# Whats a good AR-15 scope, and quick release base.



## krubbor (Sep 1, 2012)

I have a AR-15 with an aimpoint on it. I would like to be able to take it off and put a scope on it. Any ideas?


----------



## Jonbnks (Jan 21, 2012)

I have the *Burris AR-P.E.P.R. QD Mount *for my AR and I love using it. I pulled a Burris Fullfield II off my 30'06 and I've been using it as my scope. I also sometimes use a Sightmark Sure Shot Reflex Sight with Quick-Detach.

http://www.burrisoptics.com/arpepr.html


----------



## Rdubya (Aug 30, 2012)

+1 on the P.E.R.P...I put a Nikon coyote special on mine and love it! I didn't go with the QD to save a few $$, I dont remove it very often anyway. The only thing I wish the coyote special had is an illuminated reticle for those shots at dusk and dawn. Otherwise it is an awsome scope, I have been dropping prairrie dogs at 400-500 yards!


----------



## youngdon (Mar 10, 2010)

I have a P.E.P.R. also it is a nice set up. Even the standard model is fairly quick to take off. My other AR has mini-risers and they work the same. Easy on easy off.


----------



## knapper (Feb 5, 2010)

Larue tactial has a riser quick release mount that I have moved during a match due to the difference in eye relife changing for shooting prone and the adgustment did not change the point of impact. I was still the same amount off center and was able to correct the zero and shoot a good match.


----------



## Jonbnks (Jan 21, 2012)

I was looking on joeboboutfitters and they have the Burris AR-P.E.P.R Mount on sale for $69.95.
http://www.joeboboutfitters.com/category_s/307.htm?searching=Y&sort=13&cat=307&show=40&page=2

That price is sure cheaper than what I paid for mine.


----------



## El Gato Loco (Jan 15, 2010)

Larue makes a nice setup but it's pricy.

http://www.laruetactical.com/larue-tactical-obr-qd-scope-mount

I run a PEPR myself.... it's a great piece. I didn't even know they made a quick release option until I read this post....


----------



## youngdon (Mar 10, 2010)

Nikon has a $30 rebate on scopes if your budget will allow. You'll end up with a quality scope for it. I run a straight 4x on one of mine, it gives me enough magnification and a wiiiiide field of view.


----------



## fr3db3ar (Aug 6, 2011)

I run the Buckmaster and Coyote special in 4.5 - 14.

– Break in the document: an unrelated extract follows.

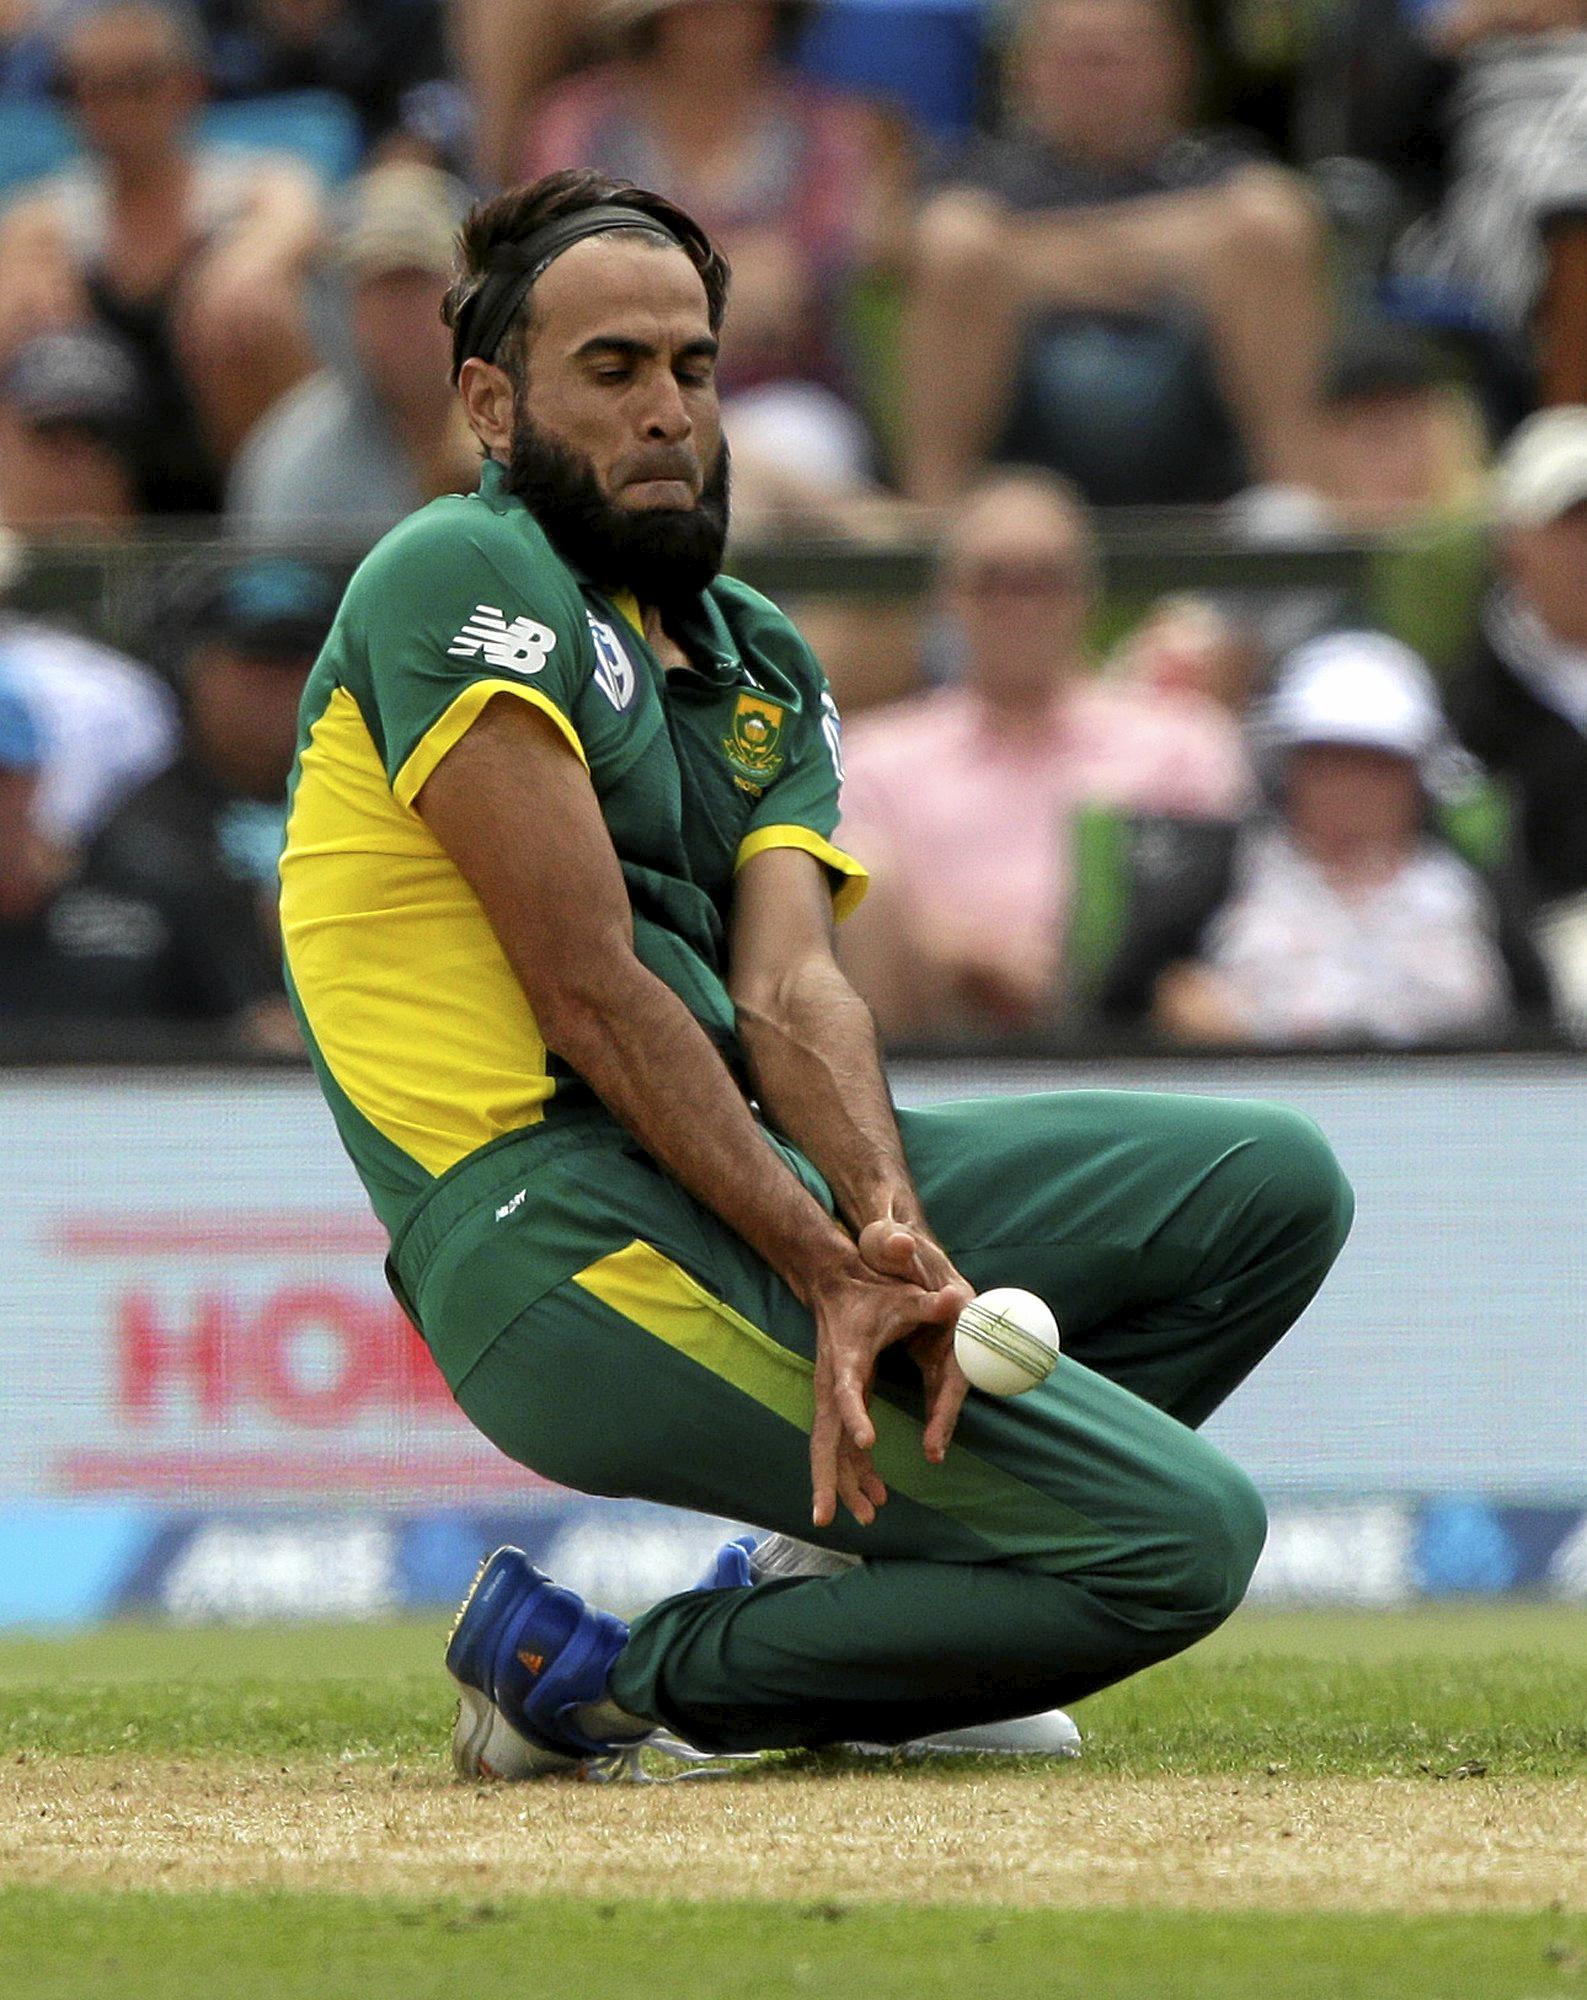 South Africa's Imran Tahir.

4.5 is ok for close work and I keep it on that most of the time but if there is something further out or I'm at the range I crank it up to 14 for my old tired eyes.


----------



## krubbor (Sep 1, 2012)

So this is what I came up with on your advise


----------



## krubbor (Sep 1, 2012)

My additions


----------



## El Gato Loco (Jan 15, 2010)

Looking SWEET man. Got that scope up and forward right where you need it. Real nice work!


----------



## bones44 (Jan 7, 2011)

Sweet setup !!


----------